StyleGAN-T: Unlocking the Power of GANs for Fast Large-Scale Text-to-Image Synthesis

A Sauer, T Karras, S Laine, A Geiger, T Aila
[University of Tubingen & NVIDIA]

StyleGAN-T: 基于改进 GAN 的快速大规模文本到图像合成


  1. 所提出的模型 StyleGAN-T 解决了大规模文本到图像合成的具体要求,如大容量、在不同数据集上的稳定训练、强文本对齐和可控的变化与文本对齐的权衡;
  2. StyleGAN-T 在样本质量和速度方面比之前的 GAN 有明显的改进,超过了蒸馏扩散模型——在此之前快速文本到图像合成的最先进技术;
  3. GAN 在文本-图像合成方面比其他模型更快,因为只需要一个前向通道。

提出的 StyleGAN-T 模型解决了大规模文本到图像合成的具体要求,在样本质量和速度方面优于之前的 GAN 和蒸馏扩散模型,GAN比其他模型的文本到图像合成速度更快。

由于大型预训练语言模型、大规模训练数据以及可扩展模型族(如扩散模型和自回归模型)的引入,文本-图像合成最近取得了重大进展。然而,表现最好的模型,需要迭代评估以生成一个样本。相比之下,生成对抗网络(GAN)只需要一次前向传播。因此速度要快得多,但目前在大规模文本到图像合成方面仍然远落后于最先进的水平。本文旨在确定重新获得竞争力的必要步骤。所提出的模型 StyleGAN-T 解决了大规模文本-图像合成的具体要求,如大容量、在不同数据集上的稳定训练、强文本对齐和可控的变化与文本对齐的权衡。StyleGAN-T在样本质量和速度方面明显优于之前的 GAN,且优于蒸馏扩散模型——这是之前快速文本到图像合成的最先进技术。
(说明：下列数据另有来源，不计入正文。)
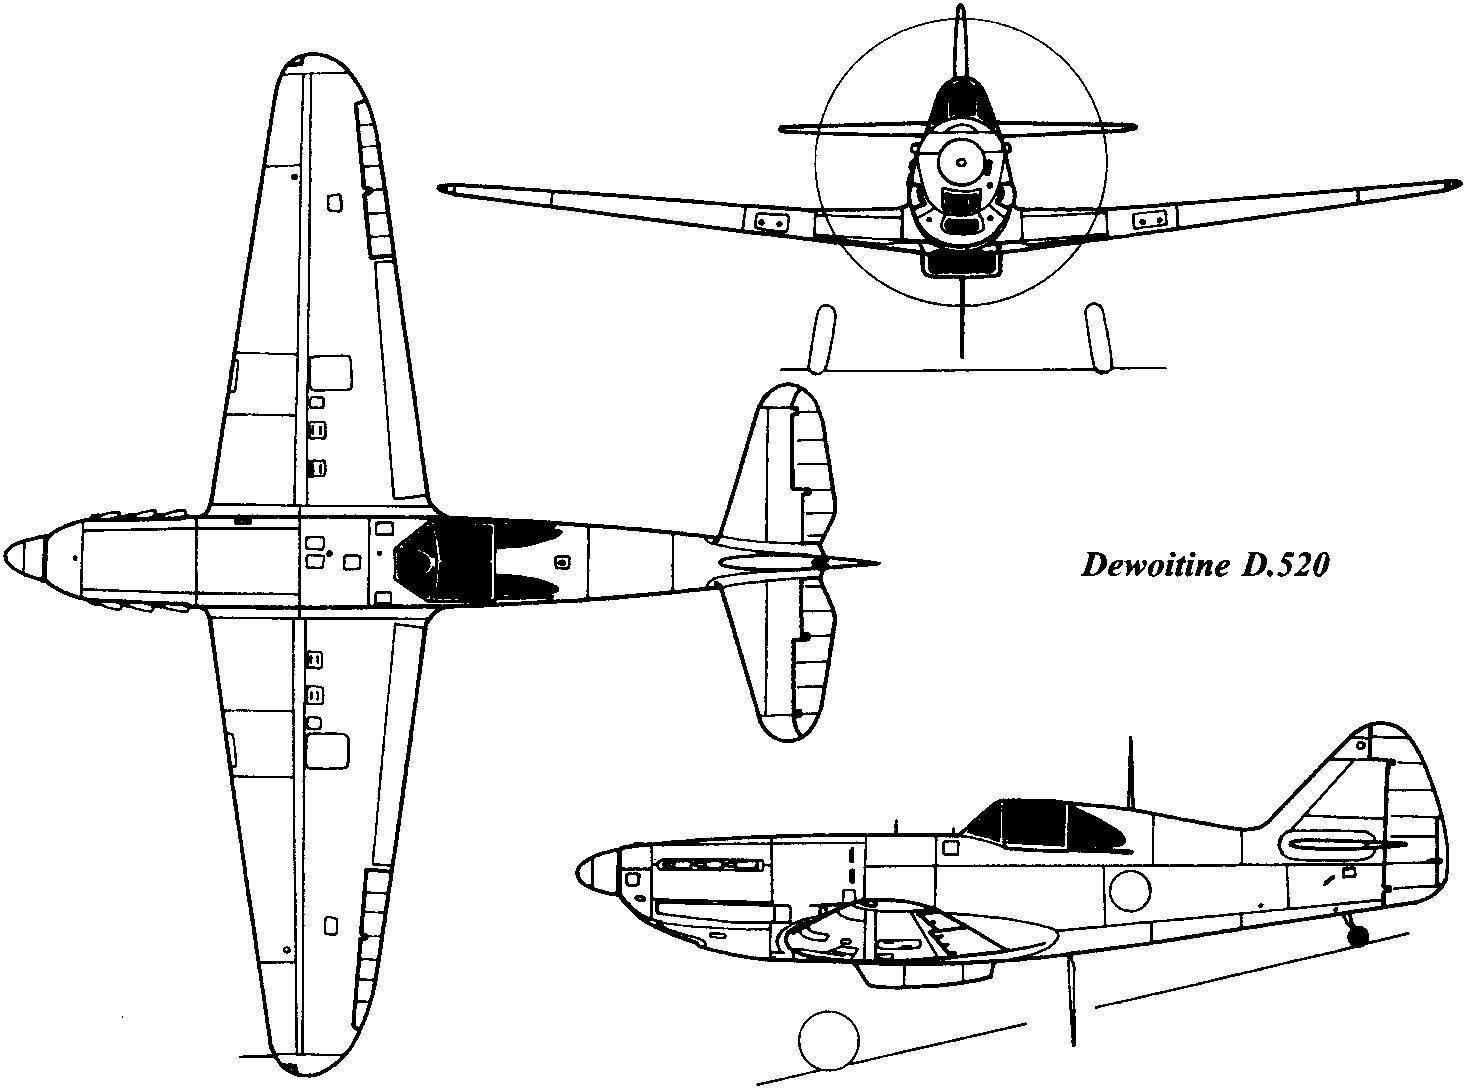 Летчик ввс вишистской франции марсель альбер в кабине истребителя девуатин d.520 | военный альбом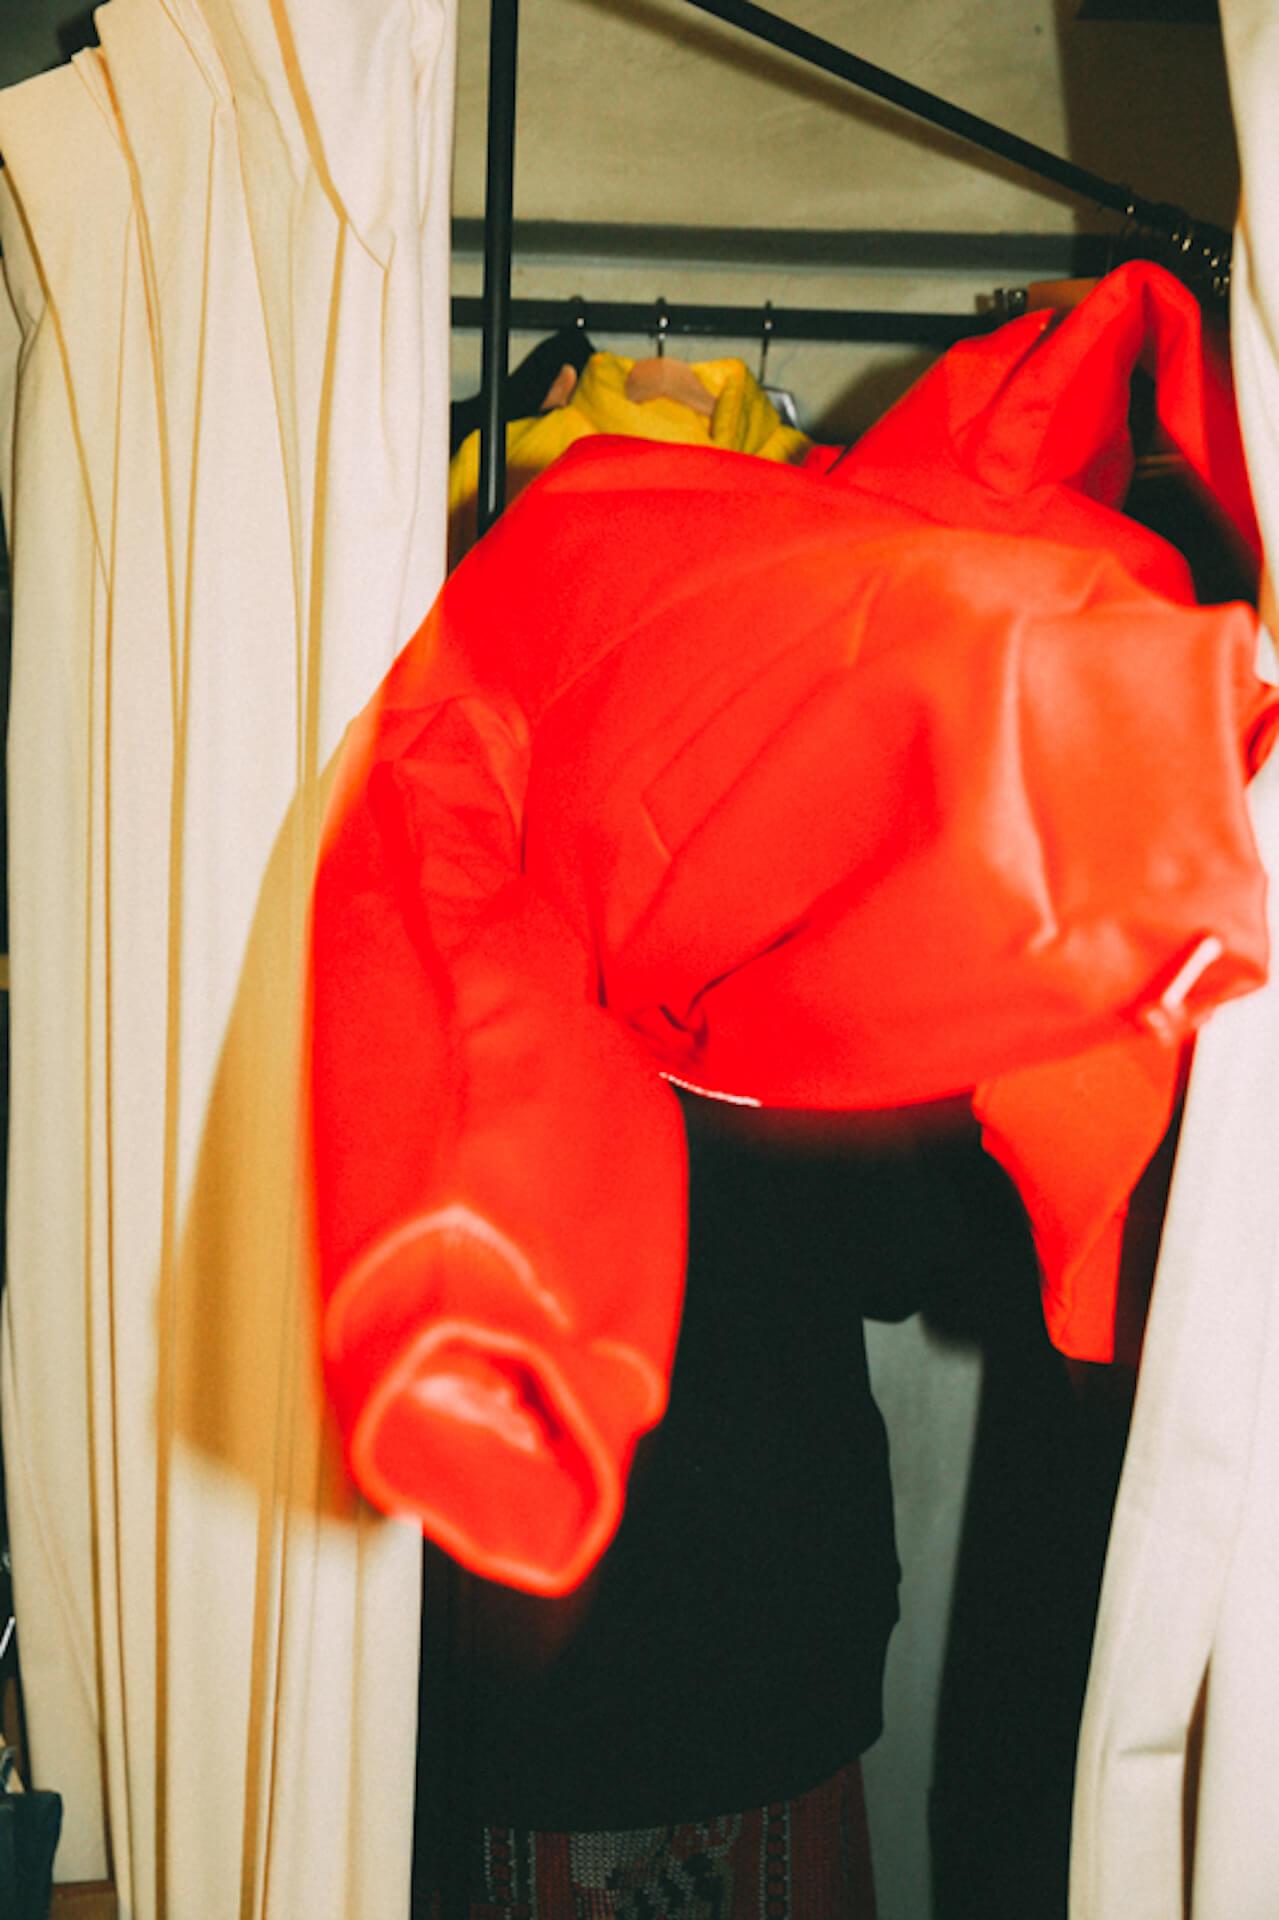 コウキシン女子の初体験vol.13老月ミカ:O 代官山 / NEW NEW YORK CLUB pickup190228_koukishinjyoshi_9

Text-to-image synthesis has recently seen significant progress thanks to large pretrained language models, large-scale training data, and the introduction of scalable model families such as diffusion and autoregressive models. However, the best-performing models require iterative evaluation to generate a single sample. In contrast, generative adversarial networks (GANs) only need a single forward pass. They are thus much faster, but they currently remain far behind the state-of-the-art in large-scale text-to-image synthesis. This paper aims to identify the necessary steps to regain competitiveness. Our proposed model, StyleGAN-T, addresses the specific requirements of large-scale text-to-image synthesis, such as large capacity, stable training on diverse datasets, strong text alignment, and controllable variation vs. text alignment tradeoff. StyleGAN-T significantly improves over previous GANs and outperforms distilled diffusion models - the previous state-of-the-art in fast text-to-image synthesis - in terms of sample quality and speed.